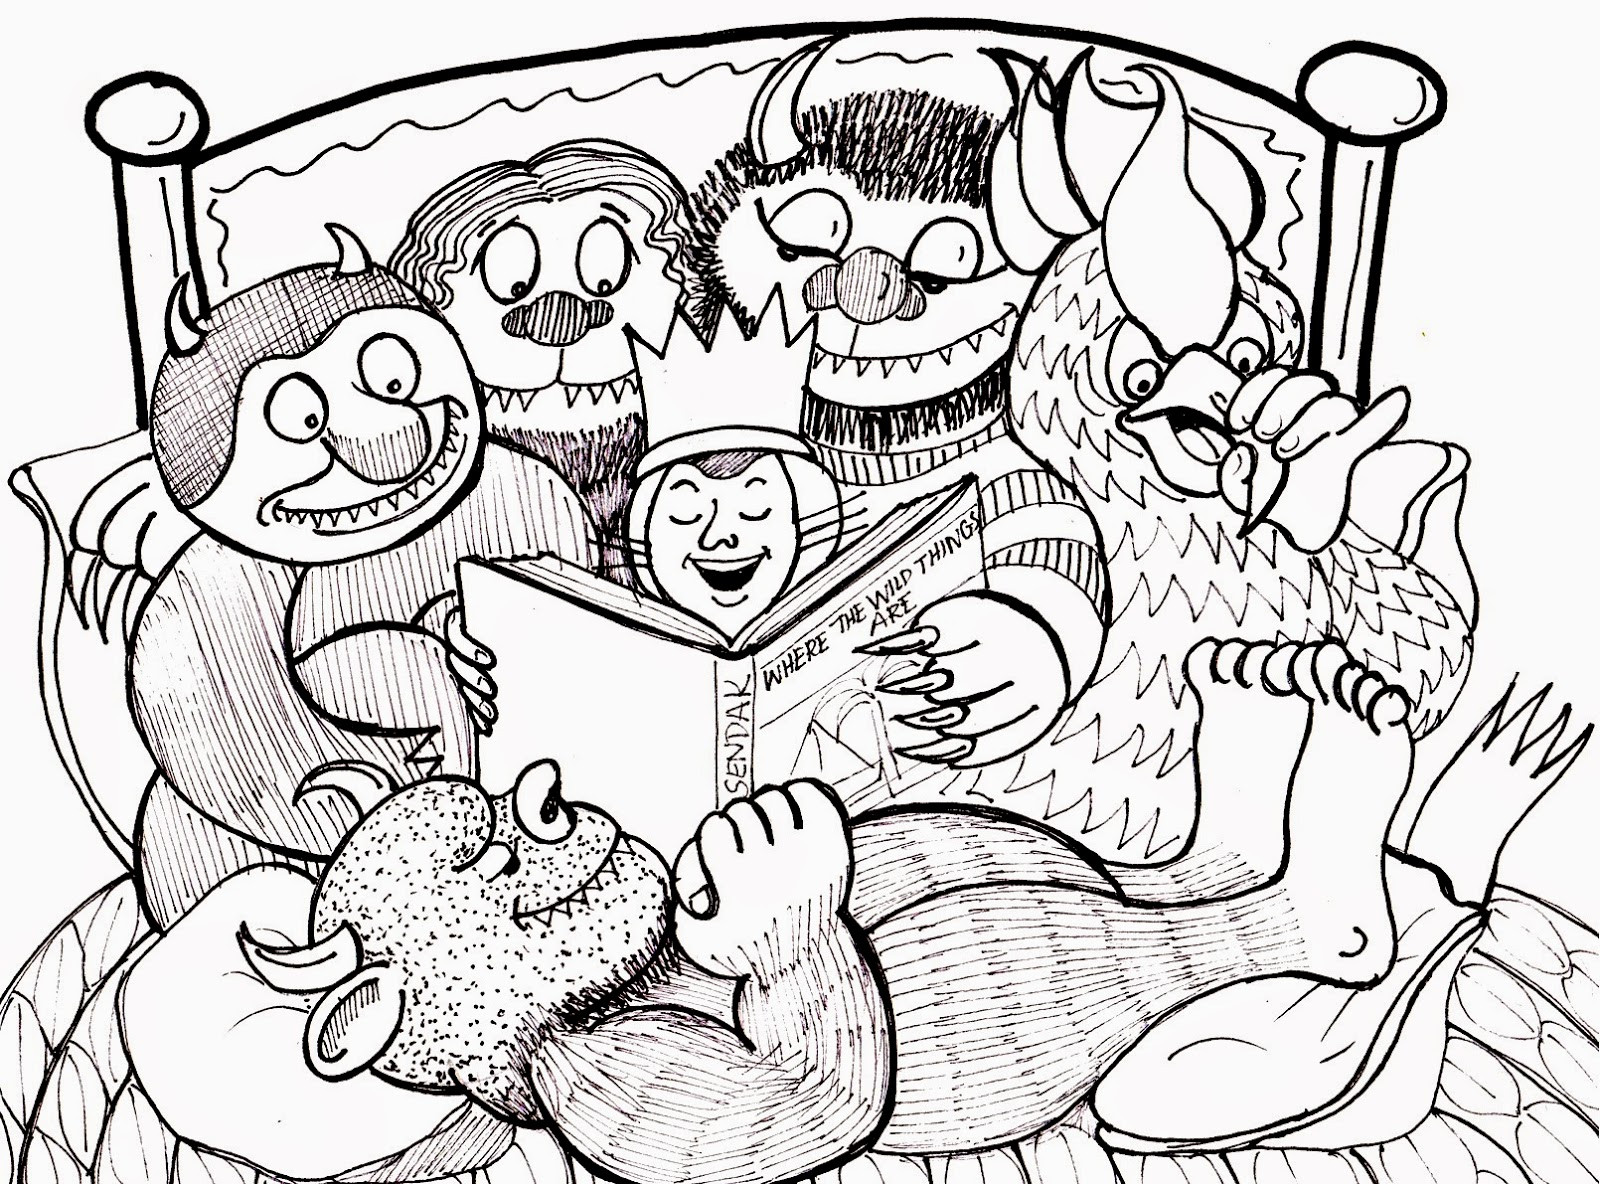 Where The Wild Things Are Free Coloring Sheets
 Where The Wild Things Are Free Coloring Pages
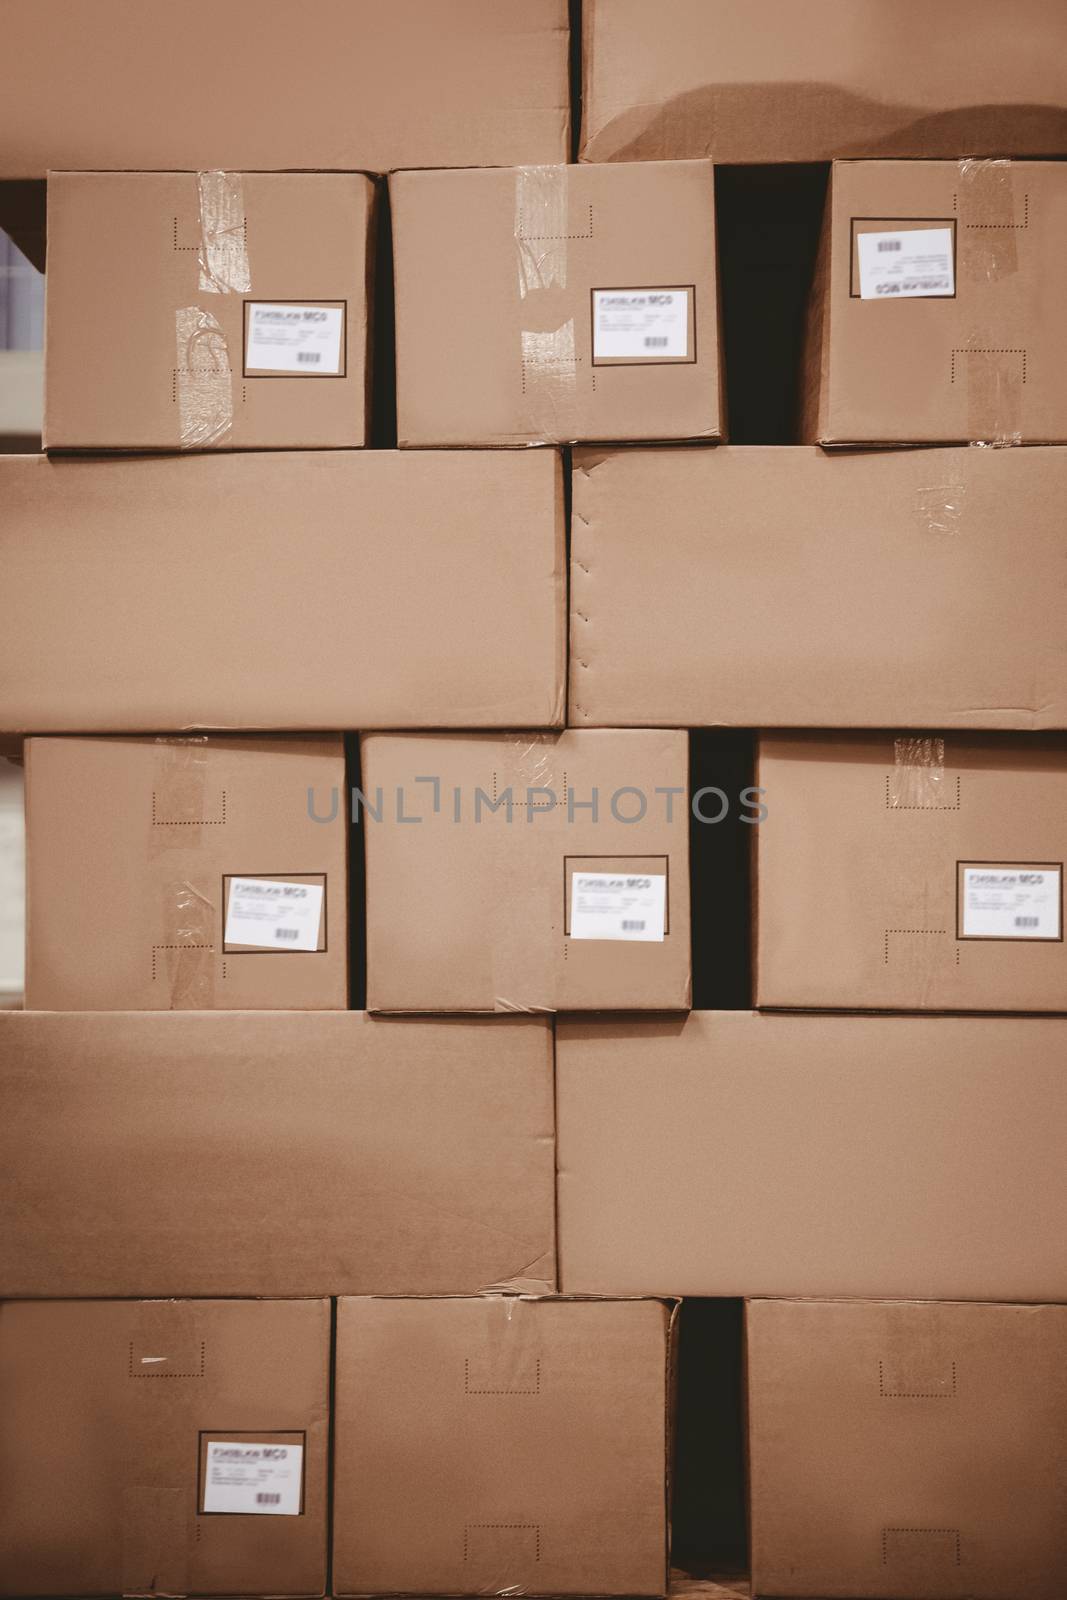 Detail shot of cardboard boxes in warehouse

WHAT YOU HAVE TO DO —
Repeat the lines above exactly, and keep every picture out.

WRITTEN REPLY —
 Where The Wild Things Are Free Coloring Sheets
 Where The Wild Things Are Free Coloring Pages
 Detail shot of cardboard boxes in warehouse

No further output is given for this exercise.